# More Colitis Problems - Advice Needed Please



## PaddleAddict (Feb 9, 2010)

I would consider a few things:

1. Parasites: Did she get a fecal test when you went to the vet? Even if she did, it might be worth a second test. Parasites sometimes cycle, causing intermintent problems. My poodle had whipworms and we experienced this. 

2. Stress: With a move and now living in a new home with four other dogs, could she be stressed? How long is she being crated? What is going on while she's crated? Are the other dogs free-roaming? What other exercise is she getting?


----------



## CharismaticMillie (Jun 16, 2010)

Hmmm..didn't Savannah used to be raw fed? It's too bad you can't go back to the old diet!

Millie had terrible poo problems on almost every kibble I tried, so that's why I gave up and went to raw. That's weird that she was doing okay and suddenly not, though. Could she have gotten into the other dogs' food? How much longer than usual was she crated? I wouldn't think that being in the crate an extra few hours would cause that much stress.


----------



## spoosrule (Feb 16, 2008)

PaddleAddict said:


> I would consider a few things:
> 
> 1. Parasites: Did she get a fecal test when you went to the vet? Even if she did, it might be worth a second test. Parasites sometimes cycle, causing intermintent problems. My poodle had whipworms and we experienced this.
> 
> 2. Stress: With a move and now living in a new home with four other dogs, could she be stressed? How long is she being crated? What is going on while she's crated? Are the other dogs free-roaming? What other exercise is she getting?


1. They didn't do or even mention a fecal test, which in hindsight I find pretty surprising.

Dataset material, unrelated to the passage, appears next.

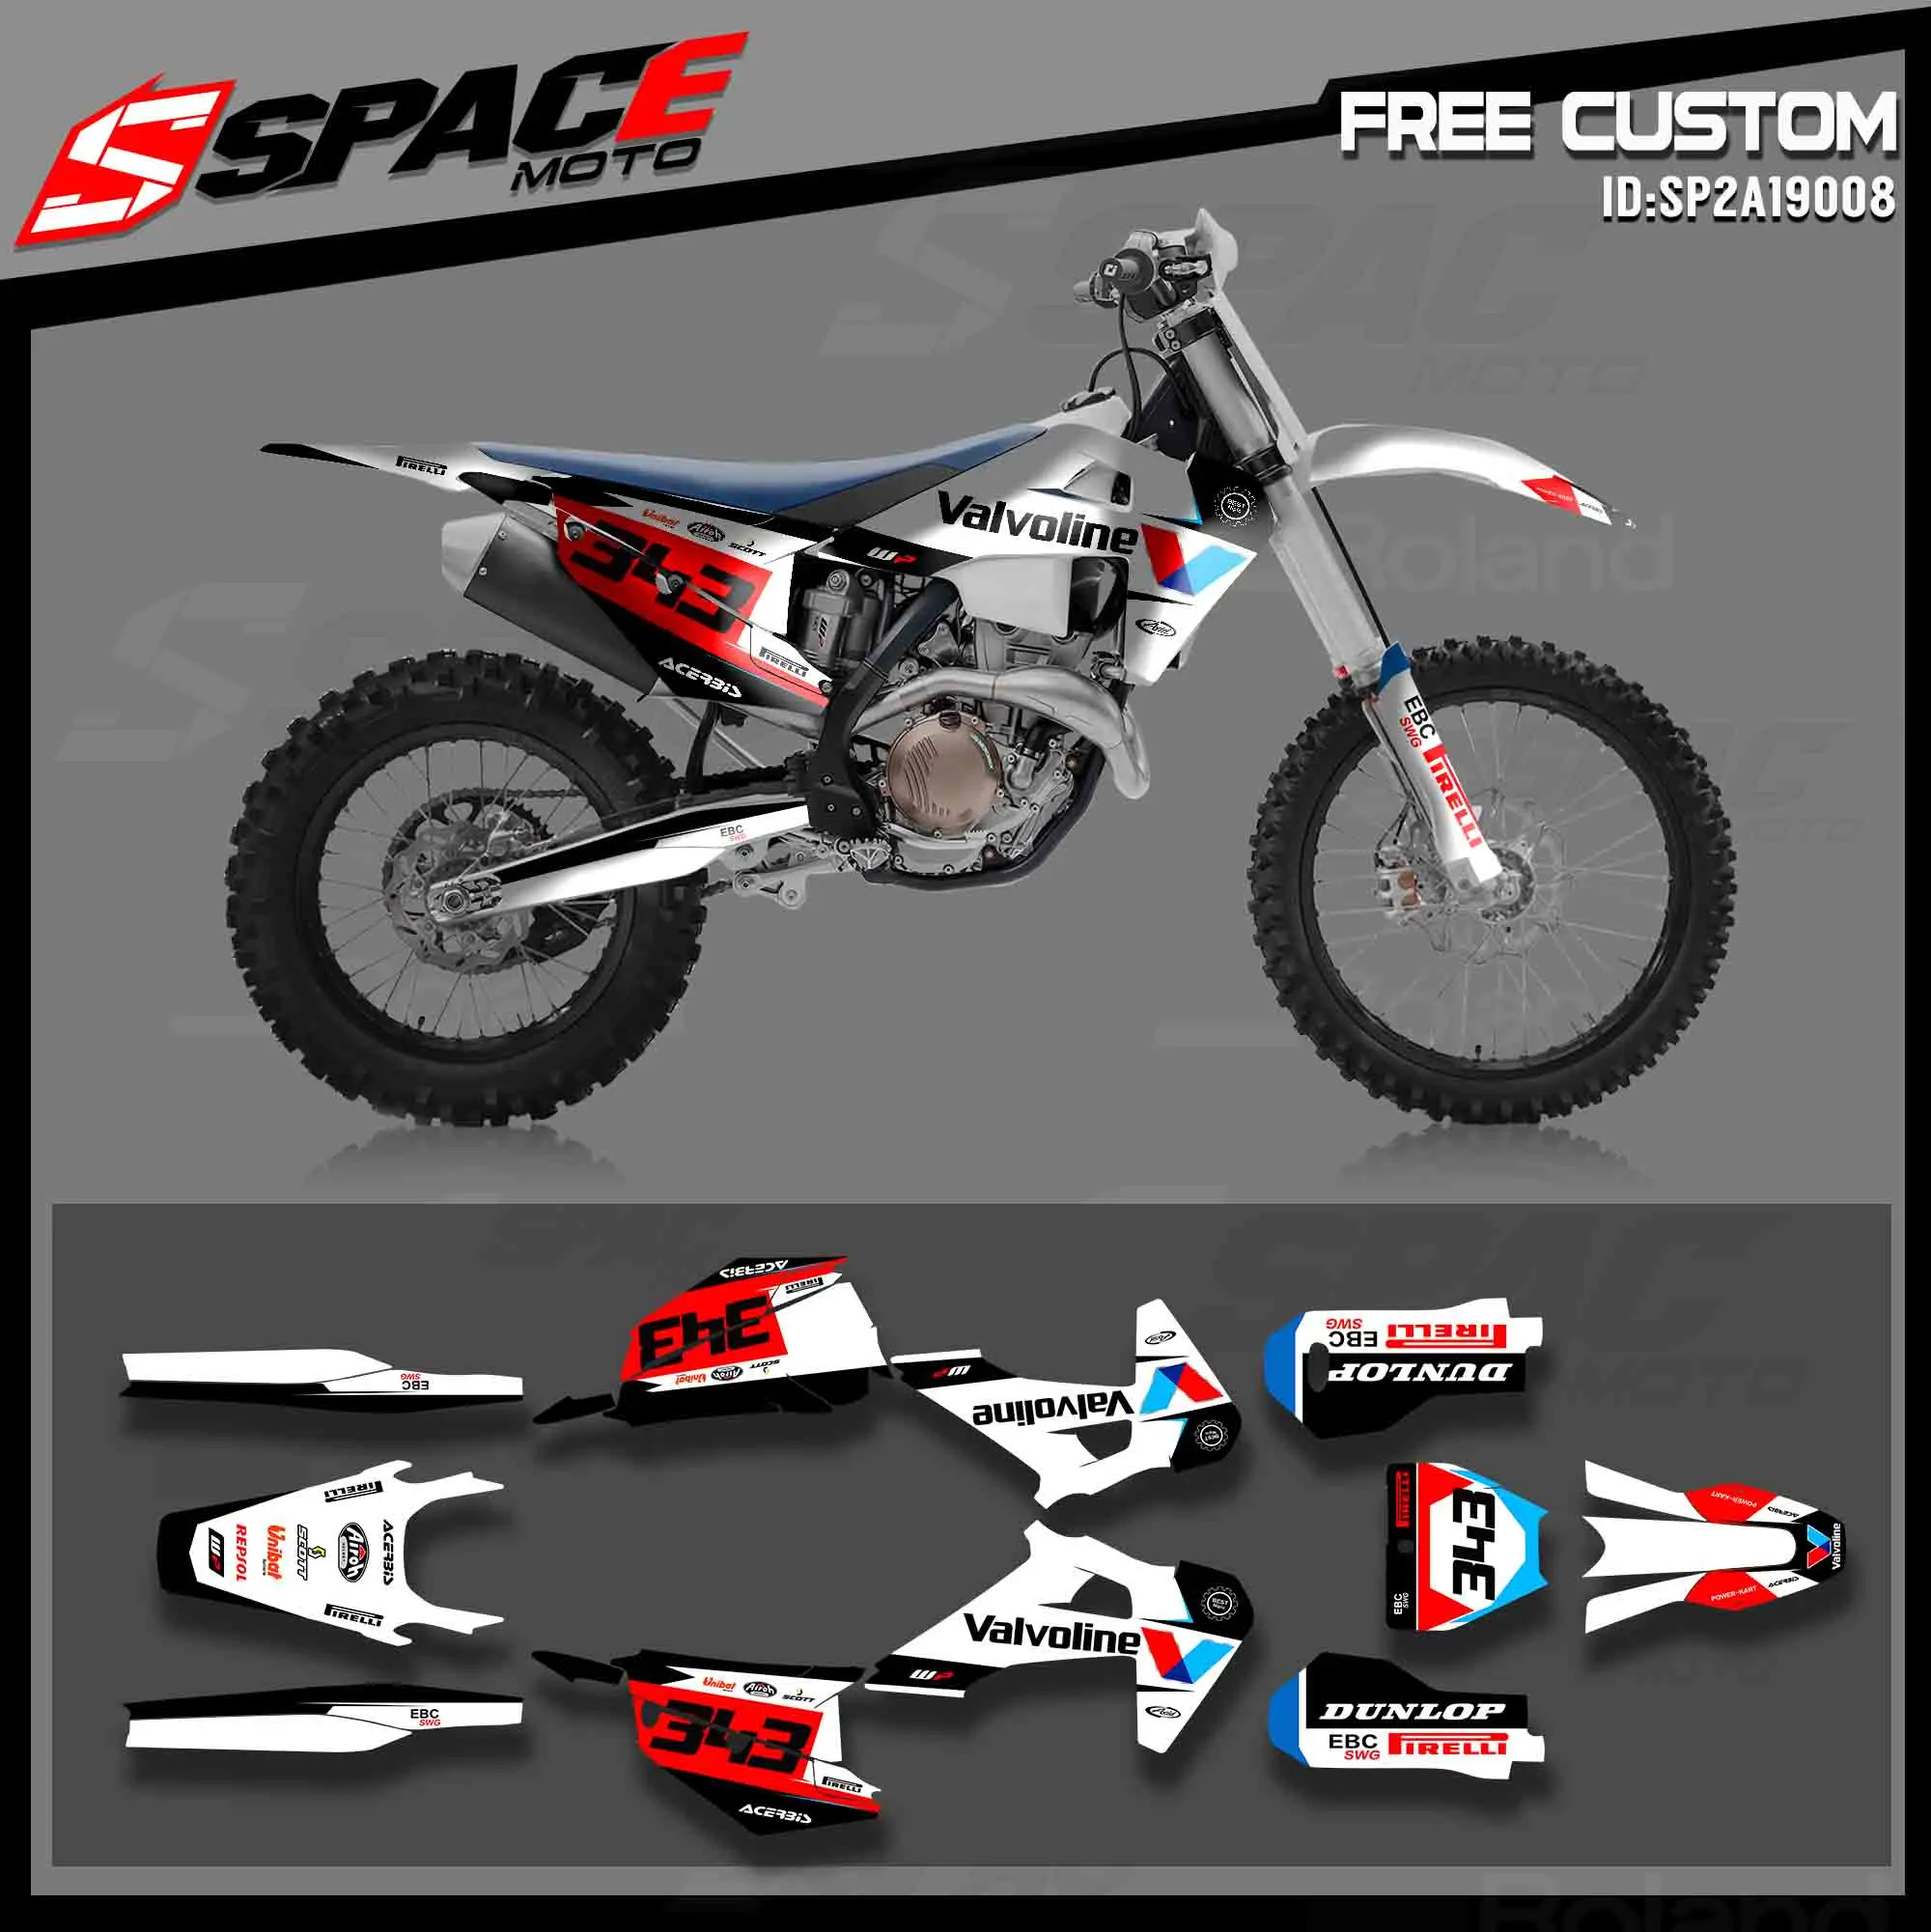 

SPACEMOTO Motorcycle Team Graphic Decal & Sticker Kit For Husqvarna TC FC TX FX FS 2019 2021 TE FE 2020 2022 Motocross Racing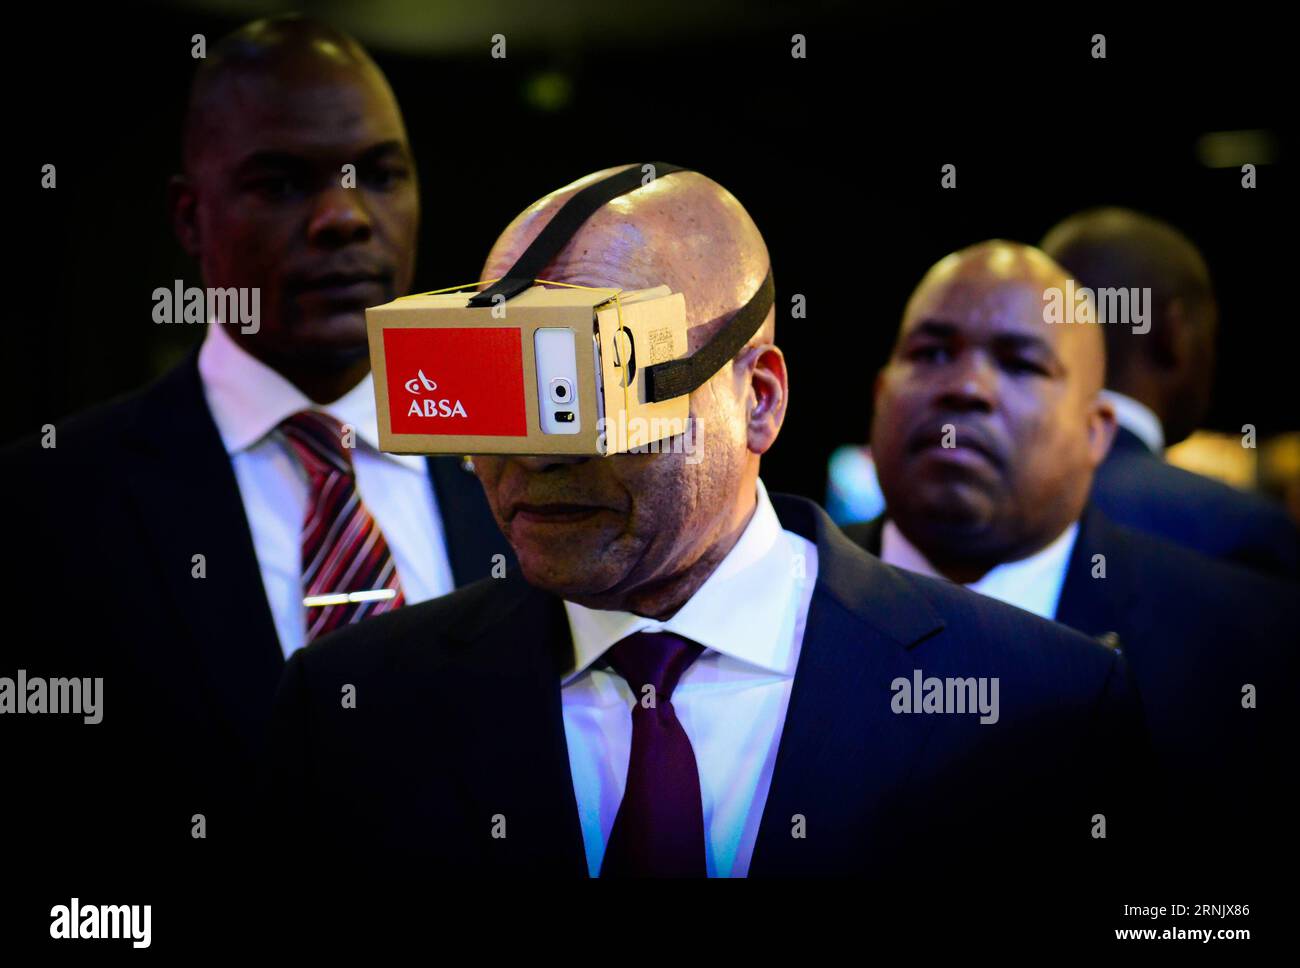 (170217) -- JOHANNESBURG, Feb. 17, 2017 -- File photo taken on April 7, 2016 shows South African President Jacob Zuma tries a VR device provided by Amalgamated Banks of South Africa (ABSA) during the launch of the eChannel Pilot Project of the Department of Home Affairs at Gallagher Convention Center in Midrand, near Johannesburg,?South?Africa.?The South African government is prepared to act against market abuse, price-fixing and collusion in the private sector in order to protect the country s economy, President Jacob Zuma said on Feb. 16, 2017. Zuma was speaking after the Competition Commiss Stock Photo

2. I am living in an apartment over the garage of my aunt's house. Her dogs are free-roaming but Savannah's crate is up in the apartment so when she's crated she doesn't even see them. They do interact and play when I go downstairs and all seem to get along fine. She's not crated that often. Not even daily Tuesday I was babysitting my niece and nephew and no one else was home to take her out so she had to be crated. I would say it was a couple hours longer than she would typically be crated. The yard here isn't fenced so I can't really let her run around that much but she gets a 2 mile walk per day.



ChocolateMillie said:


> Hmmm..didn't Savannah used to be raw fed? It's too bad you can't go back to the old diet!
> 
> Millie had terrible poo problems on almost every kibble I tried, so that's why I gave up and went to raw. That's weird that she was doing okay and suddenly not, though. Could she have gotten into the other dogs' food? How much longer than usual was she crated? I wouldn't think that being in the crate an extra few hours would cause that much stress.


Yes she was raw fed but my aunt absolutely would not go for that. She freaked out recently when she told me a story about when her dog stole a steak off the counter then she took it back and cooked it for him I told her she should have just let him eat it raw lol. 

I am a bit suspicious that she did get into the other dogs' food while I was out of the room and that my aunt allowed it. She does make comments about Savannah being "hungry" a lot. Needless to say it's difficult to live in someone else's house and have different opinions on pet care. She was crated maybe 2 hours longer than usual.


----------



## 2719 (Feb 8, 2011)

PaddleAddict said:


> I would consider 2. Stress: With a move and now living in a new home with four other dogs, could she be stressed? How long is she being crated? What is going on while she's crated? Are the other dogs free-roaming? What other exercise is she getting?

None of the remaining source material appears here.